Thanks Jeff, this looks pretty good for "simple" implementation,
I only have a few rather cosmetic comments.
Do you plan on updating Josef's old xfstests support patch for
SEEK_DATA/SEEK_HOLE? Also it would be nice to do the pagecache
probing for dirty unwritten extents next to get a better quality
of implementation.
>+STATIC int
>+xfs_seek_data(
>+ struct xfs_inode *ip,
>+ loff_t *start)
>+{
In the XFS code we generally tab-aling the paramter names, just like
you already did for the local variables:
STATIC int
xfs_seek_data(
struct xfs_inode *ip,
loff_t *start)
(that also applies for a few other functions)
> + /*
> + * Hole handling for unwritten extents landed in a hole.

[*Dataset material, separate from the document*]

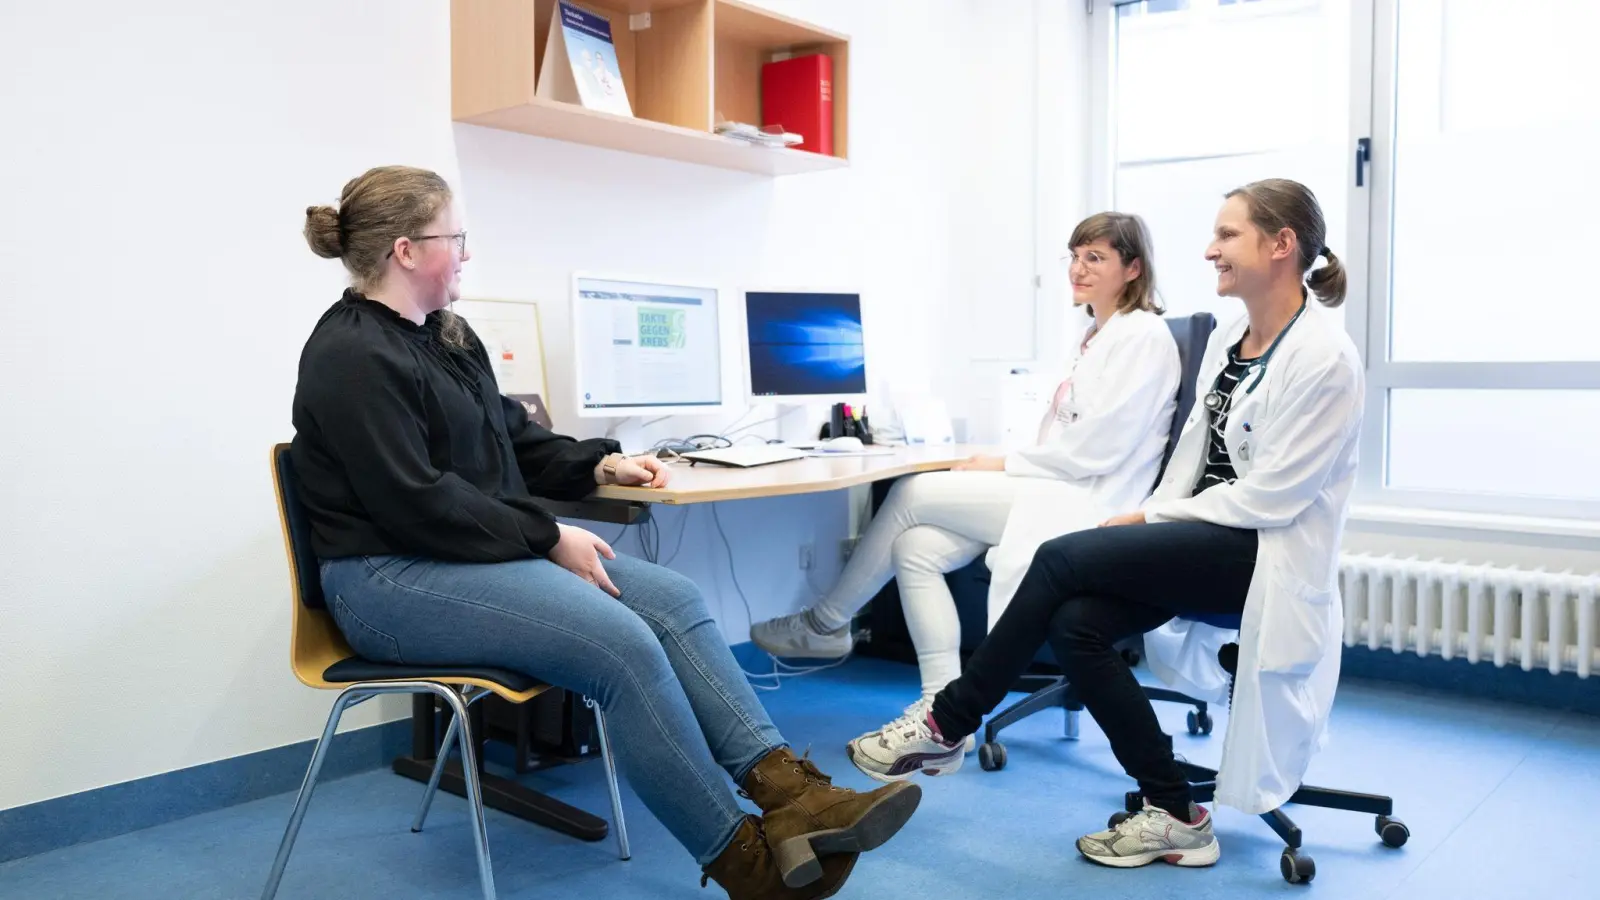 Judith Lohse (r), Kinderärztin, und Katharina Egger-Heidrich, Fachärztin Onkologie, sitzen mit einer Patientin im Nationalen Centrum für Tumorerkrankungen in einem Behandlungsraum. (Foto: Sebastian Kahnert/dpa)

> + * If the next extent is a data extent, then return the
> + * start of it, otherwise we need to move the start offset
> + * and map more blocks.
> + */
I don't think this comment is quite correct. We don't just end up here
for unwritten extents. I'd recommend something like:
/*
* We landed in a hole. Skip to the next extent.
*/
> + if (map[0].br_startblock == HOLESTARTBLOCK) {
> + if (map[1].br_startblock == HOLESTARTBLOCK) {
> + fsbno = map[1].br_startoff +
> + map[1].br_blockcount;
I don't think this code is reachable - xfs_bmapi will never produce
multiple consecutive HOLESTARTBLOCK extents. If you want to ensure
that feel free to add an assert, e.g.
if (map[0].br_startblock == HOLESTARTBLOCK) {
ASSERT(map[1].br_startblock != HOLESTARTBLOCK);
*start = max_t(loff_t, seekoff,
XFS_FSB_TO_B(mp, map[1].br_startoff));
break;
}
This also means that we never have to loop here until we add dirty
unwritten probing - if the second extent doesn't contain data there
won't be any other data extent in this file beyound our offset.
> +
> + /*
> + * Landed in an in-memory data extent or in an allocated
> + * extent.
> + */
> + if (map[0].br_startoff == DELAYSTARTBLOCK ||
> + map[0].br_state == XFS_EXT_NORM) {
I think just checking for br_state == XFS_EXT_NORM should be fine here,
as unwritten extents can be delayed allocated. But until we add probing
for dirty unwritten extents is added we have to treat unwritten extents
as data anyway to avoid data loss.
Note that once unwrittent extent probing also needs to cover the hole
case above and not just this case.
> +STATIC int
> +xfs_seek_extent(
> + struct inode *inode,
> + loff_t *start,
> + u32 type)
> +{
> + struct xfs_inode *ip = XFS_I(inode);
> + struct xfs_mount *mp = ip->i_mount;
> + struct xfs_ifork *ifp;
> + int lock;
> + int error = 0;
> +
> + if (ip->i_d.di_format != XFS_DINODE_FMT_EXTENTS &&
> + ip->i_d.di_format != XFS_DINODE_FMT_BTREE &&
> + ip->i_d.di_format != XFS_DINODE_FMT_LOCAL)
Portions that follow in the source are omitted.